Her review of the two leading tests for design defect used there, risk-utility and consumer expectations, steers Professor Wasserman to cautious optimism. Products Liability in a World Designed for Men finds in both tests a “doctrinal blind spot,” presumably correctable, “rather than a doctrinal constraint” (P.5). Consumer expectations could enlarge to accept what Professor Wasserman calls “subgroup analysis,” where “courts may consider whether the product fails to meet reasonable safety expectations for a substantial class of ordinary users” (Pp. 40-41). Numerous enough to count as “a substantial class,” women would qualify for consideration. The same turn can rescue risk-utility: “Rather than relying exclusively on aggregate utility, courts may evaluate whether the product’s utility falls below acceptable levels for a particular subgroup” (P.36).
Judges could follow Professor Wasserman’s lead. They just might. State courts applying state tort law doubtless offer a likelier venue for that progressive shift than any institution of our national government, where capital-f Federalist values and individuals are ascendant in the executive and judicial branches. But even the likelier venue doesn’t look to me very likely to deliver gender equity in product design. Professor Wasserman, ever intellectually honest, seems to stipulate that unless courts choose to care about women as a subgroup, her fix won’t work: “Under risk-utility analysis, higher benefits to men can offset serious risks to women; under the consumer expectations test, lower injury rates among men can render elevated risks to women legally invisible” (P.31).

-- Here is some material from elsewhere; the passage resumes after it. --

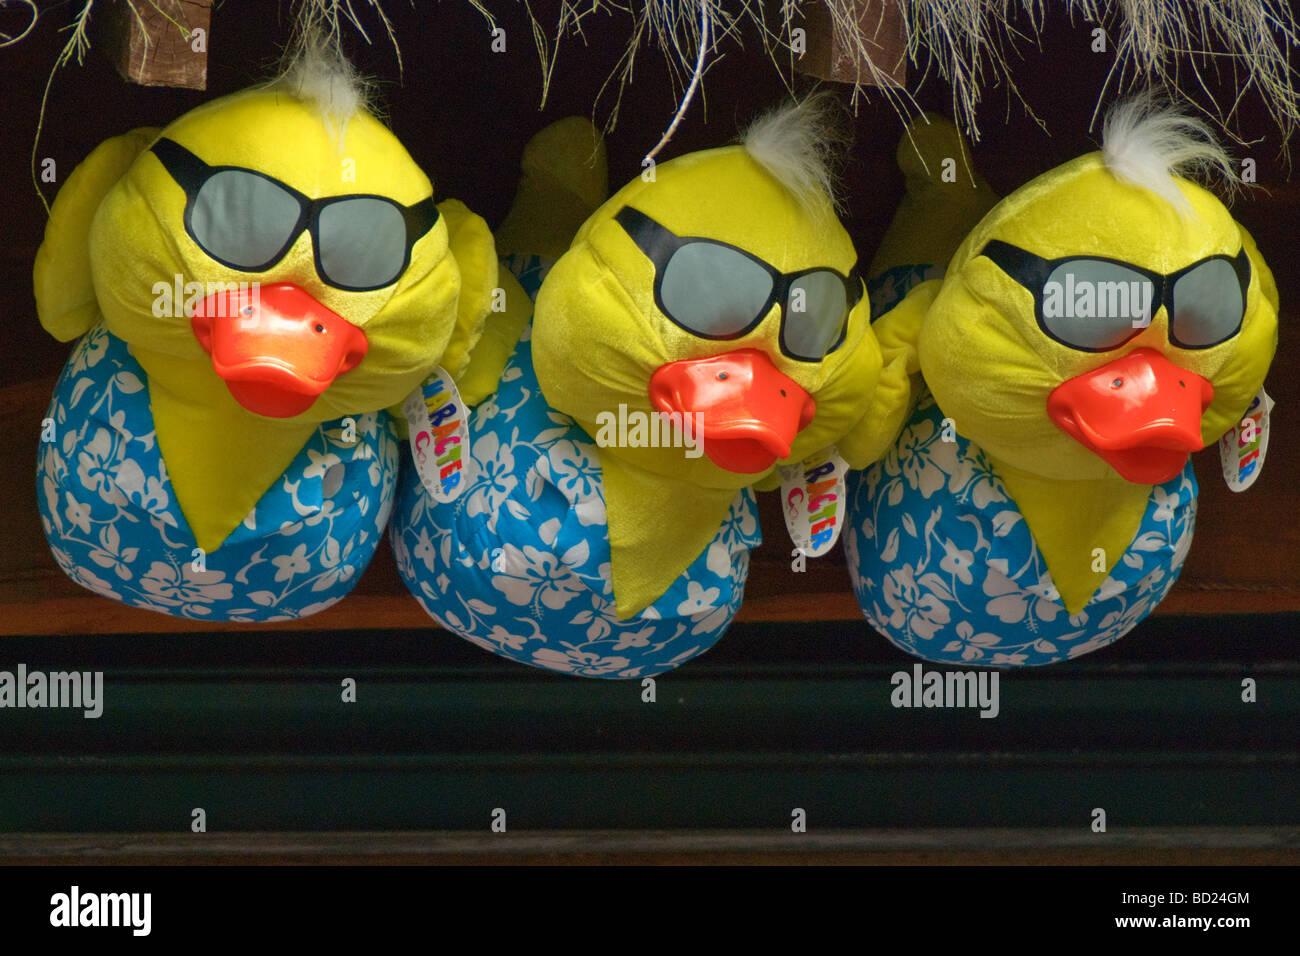 Three inflatable ducks. - Stock Image

And even if Products Liability in a World Designed for Men wins the reception it deserves, judges will not necessarily know what to do with design defect claims that point out a gender gap. Take the crash test dummy problem that centers this article. If manufacturers fire their current crew and bring in replacement dummies of “less upper-body mass, shorter sitting heights, lower body weight, wider pelvic measurements, and shorter torsos” (P.10, again), won’t men be worse off when they get into the resulting vehicles? They outnumber women there, which suggests that well-intentioned reform could lead to loss in the aggregate. Professor Wasserman recognizes the problem (Pp. 42-44). Regard for women as a subgroup applies pretty well to other gendered design possibilities—for example ones involving disparities in “hand size, grip strength, and force requirements” (P.13)—where manufacturers of products like surgical gloves do the right thing by offering “multiple sizes or configurations” (P.44). Because crashworthiness lacks a clear counterpart to the universal design ideal of disability law and policy, someone may have to suffer even when sellers like Volvo, whose leadership on whiplash has made the interior of vehicles safer for women while also benefitting men (Pp. 49-50), proceed as if all bodies matter.
That small misgiving noted, Products Liability in a World Designed for Men should be required reading for the American products liability community: Professor Wasserman’s analysis and recommendations are scientific in the best sense of the word. Readers with any level of interest (including none) in gender or feminism will find in this work an invigorating commitment to the truth.